Application capacity defines how many users an IT application service can support in a given response time. Another critical factor is the application’s ability to scale, which is dependent upon the application’s architecture.
The FE platform is processing “looking” activity that is typically light on hardware resources. In this case, the FE only needs to be able to rapidly service search or view requests, which can be accomplished with lightweight, inexpensive commodity servers, each partitioned to handle a small subset of users.
If a server fails, users connected to that system are simply rerouted to a remaining FE server. Scaling is simply handled by adding more servers.
In contrast, the BE system needs to be robust, highly-available, highly-scalable, and optimized for database transaction processing (such as the world-class HPE NonStop server). The BE system needs to process thousands of database updates per second, and maintain database consistency.
For example, in airline and travel reservation systems, users spend hours viewing and analyzing flight, hotel, and rental car information before booking a reservation. The number of “looks” far exceeds the number of “books” – the so-called look-to-book ratio. To optimize this activity, IT resources service “looking” activity with a FE process that is different than a “booking” BE process. This is an example of Application Capacity Expansion using “Asymmetric Capacity Expansion.”
Figure 1 — Shadowbase Data and Application Integration in an Asymmetric Capacity Expansion
Another example is a “Symmetric Capacity Expansion.” This architecture is similar to an Asymmetric Capacity Expansion. The main difference is that capacity is increased by scaling out to similar servers. Usually, the data is homogeneous (like-to-like) in nature.

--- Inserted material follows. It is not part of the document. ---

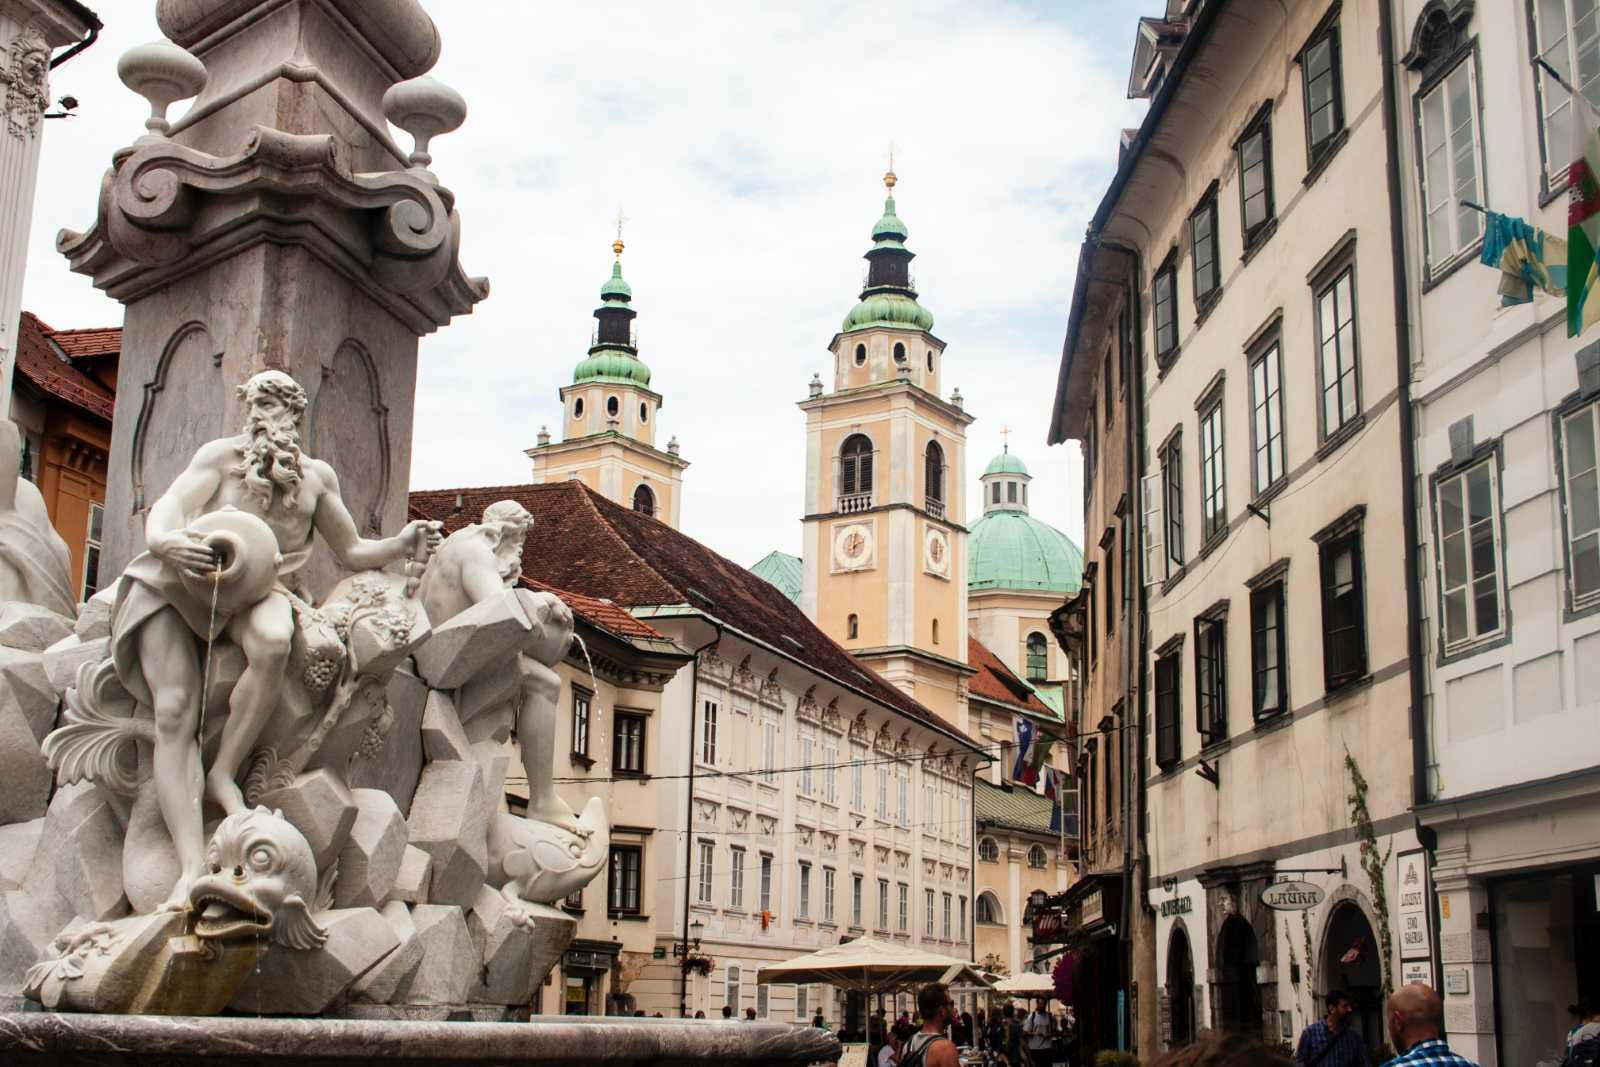 Illusions of Ljubljana image

Figure 2 illustrates a Symmetric Capacity Expansion. A major financial switch offering POS, ATM, and host processing can increase capacity by adding more HPE NonStop servers into its architecture and using HPE Shadowbase software to ensure that the data remains bi-directionally synchronized in real-time.
Figure 2 — Shadowbase Bi-directional Data Replication for a Symmetric Capacity Expansion
IT teams have flexibility in scaling options with the type and number of platforms/databases employed to host the application’s processes by simply dividing the application’s processes into a FE and BE.
ACE typically lowers the Total Cost of Ownership (TCO) for a given solution versus the traditional method of maintaining a few large servers servicing monolithic applications.
In a distributed architecture, scaling is easier and application availability is also improved. Unfortunately, many legacy applications remain on several large servers and face scaling problems. Migrating these monolithic applications to a distributed architecture is known as an application capacity expansion (ACE).
Exchanging data between the various parts of the application requires a physical network connection and a logical connection. In the travel reservation system mentioned above, once the end user finishes the “looking” phase and books a reservation, the FE application must send the “booking” request to the BE, and return a response back to the user. HPE Shadowbase data and application integration software transforms the booking updates into a format that is then sent to the various FE Servers, and updates them with sub-second latency, automatically updating booked rooms from the reservation catalogue.
Shadowbase Business Continuity software (not pictured) can be used to enable continuous availability, should the backend BE environment fail. This adds in redundancy and ultimately the element of reliability. Scalability is possible since Shadowbase software supports parallelism to scale with an increasing workload.